Reddito di cittadinanza: la GdF chiede il sequestro di 27mila euro alle famiglie degli indagati per l'omicidio di Willy

La Guardia di Finanza ha chiesto ai magistrati il provvedimento per le somme indebitamente percepite. Intanto il M5s difende il sussidio: "Dalla destra becera propaganda"

Marco e Gabriele Bianchi

Potrebbe scattare il sequestro dei beni per i familiari dei quattro indagati per l’omicidio di Willy Monteiro. In seguito agli accertamenti svolti sul reddito di cittadinanza percepito dai nuclei familiari dei fratelli Gabriele e Marco Bianchi, di Francesco Belleggia e Mario Pincarelli la Guardia di Finanza ha infatti chiesto ai magistrati un sequestro per 27mila euro a titolo risarcitorio per le somme indebitamente percepite. Gli accertamenti compiuti dalle Fiamme Gialle avrebbero infatti consentito di appurare che le famiglie dei quattro indagati avrebbero omesso di indicare tutte le informazioni dovute. Sono così scattate le denunce per la violazione della legge sul reddito di cittadinanza. 

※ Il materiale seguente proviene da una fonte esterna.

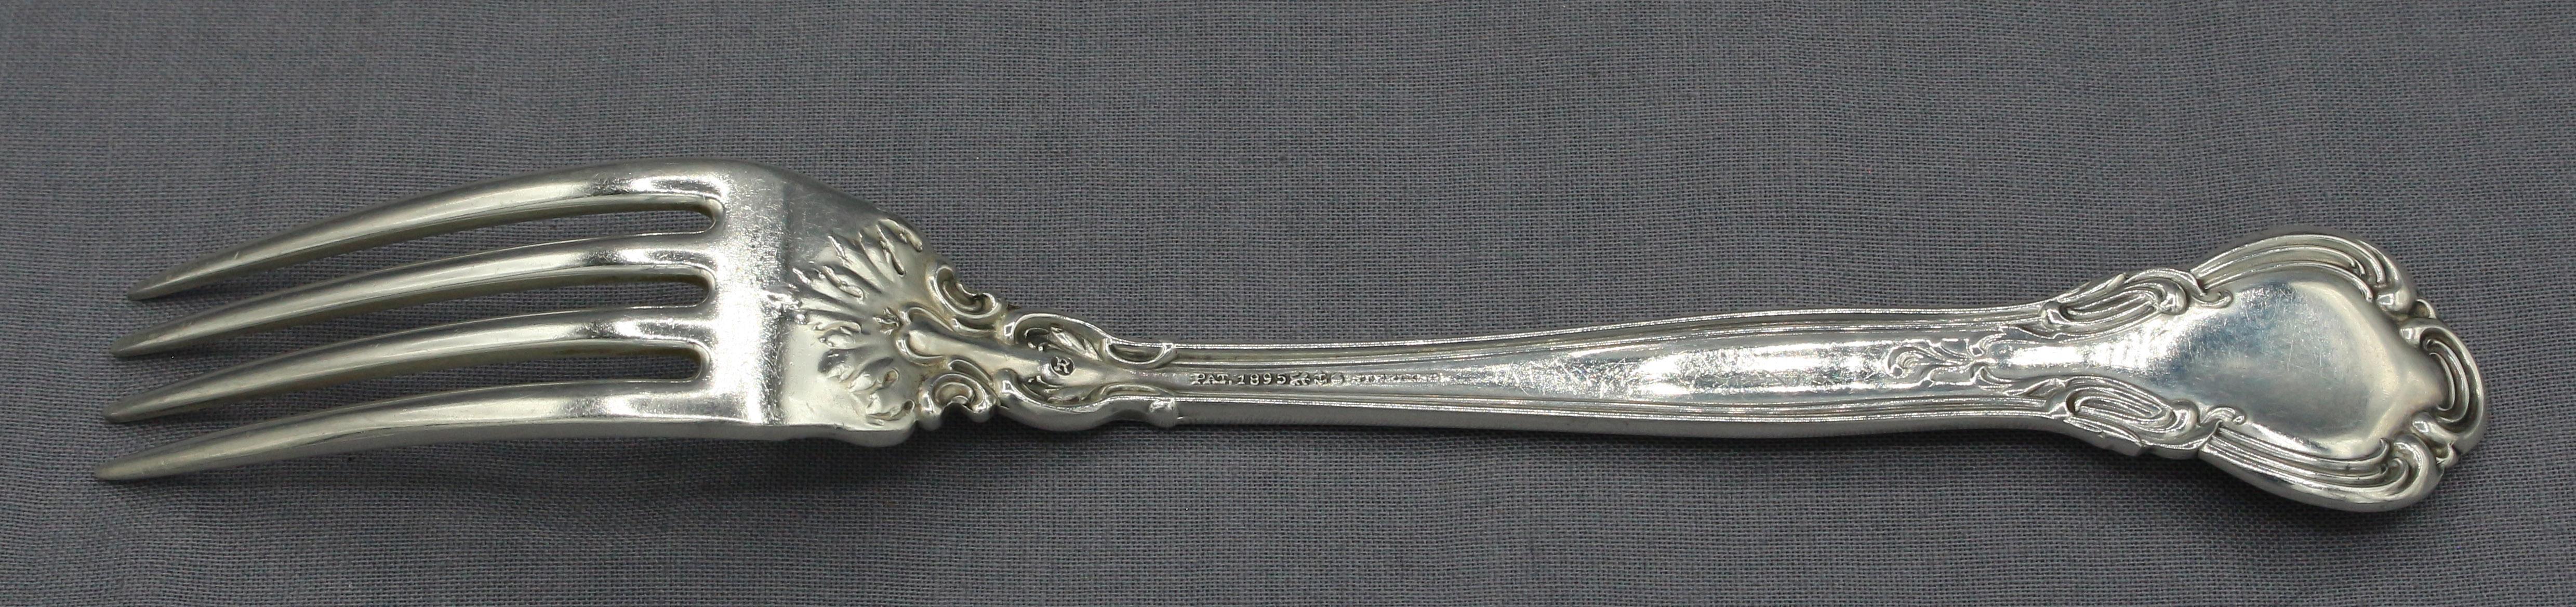 Rococo Late 19th Century Assembled Set of 7 Sterling Silver Luncheon Forks by Gorham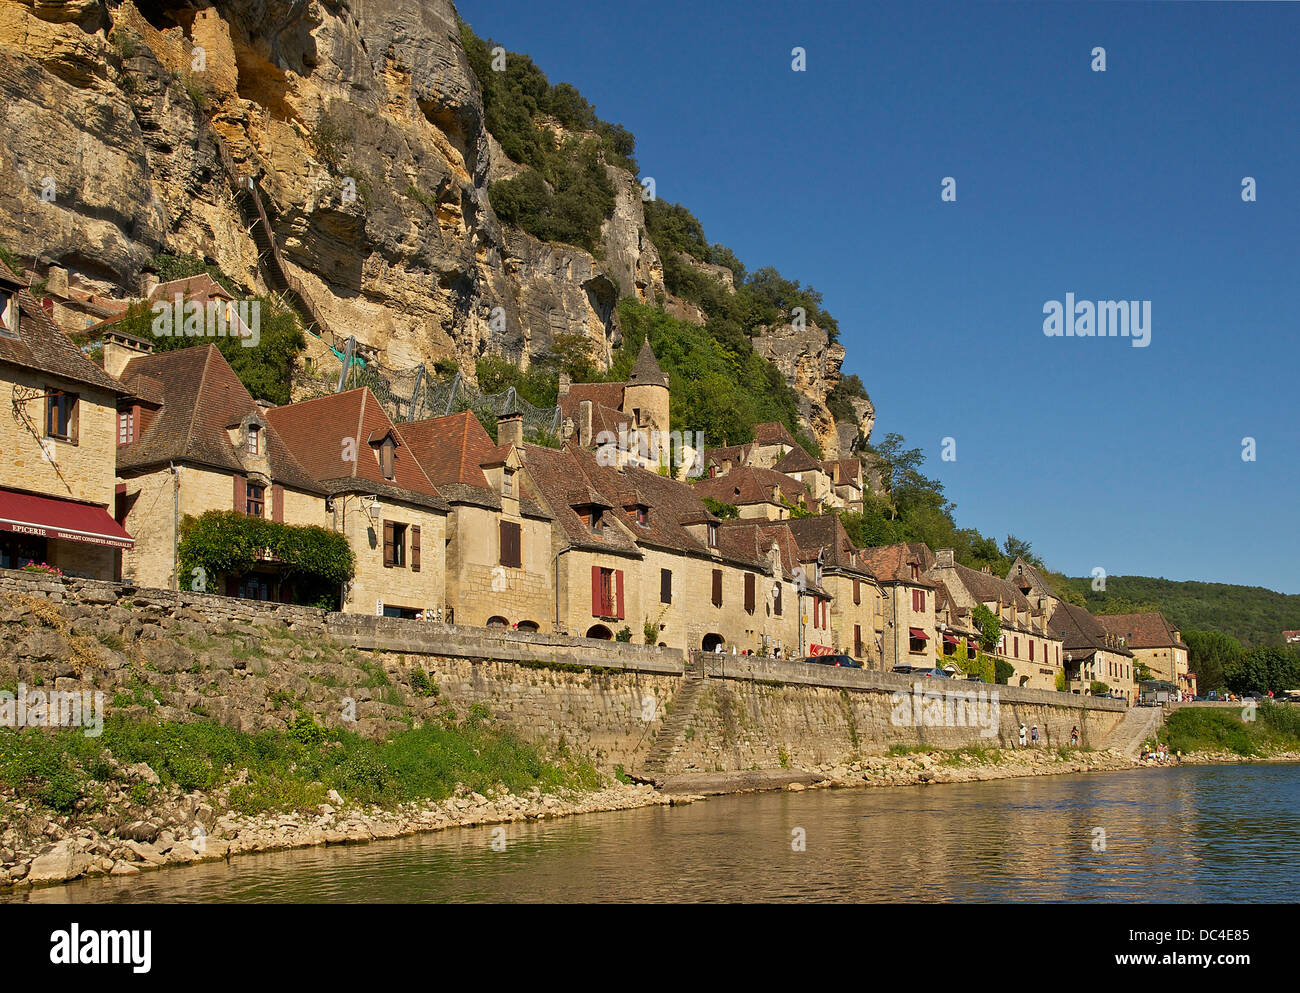 La Roque-Gageac is a small city in the Dordogne department of France. Perched above the Dordogne river, it is considered to be o Stock Photo

Reddito di cittadinanza ai familiari degli indagati: le somme

In particolare gli investigatori avrebbero trovato delle macroscopiche differenze tra il modello Isee presentato all’Inps e i redditi effettivi delle famiglie. Stando a quanto raccontano oggi i giornali, il padre dei Bianchi percepiva 888 euro al mese, mentre 660 euro andavano al padre di Mario Pincarelli. Molto inferiore, invece, la somma che arrivava alla madre di Francesco Belleggia: 80 euro al mese. Una segnalazione è stata inviata all'Inps per il recupero delle somme indebitamente percepite che stando a quanto emerso ammonterebbero in totale a 27mila euro. 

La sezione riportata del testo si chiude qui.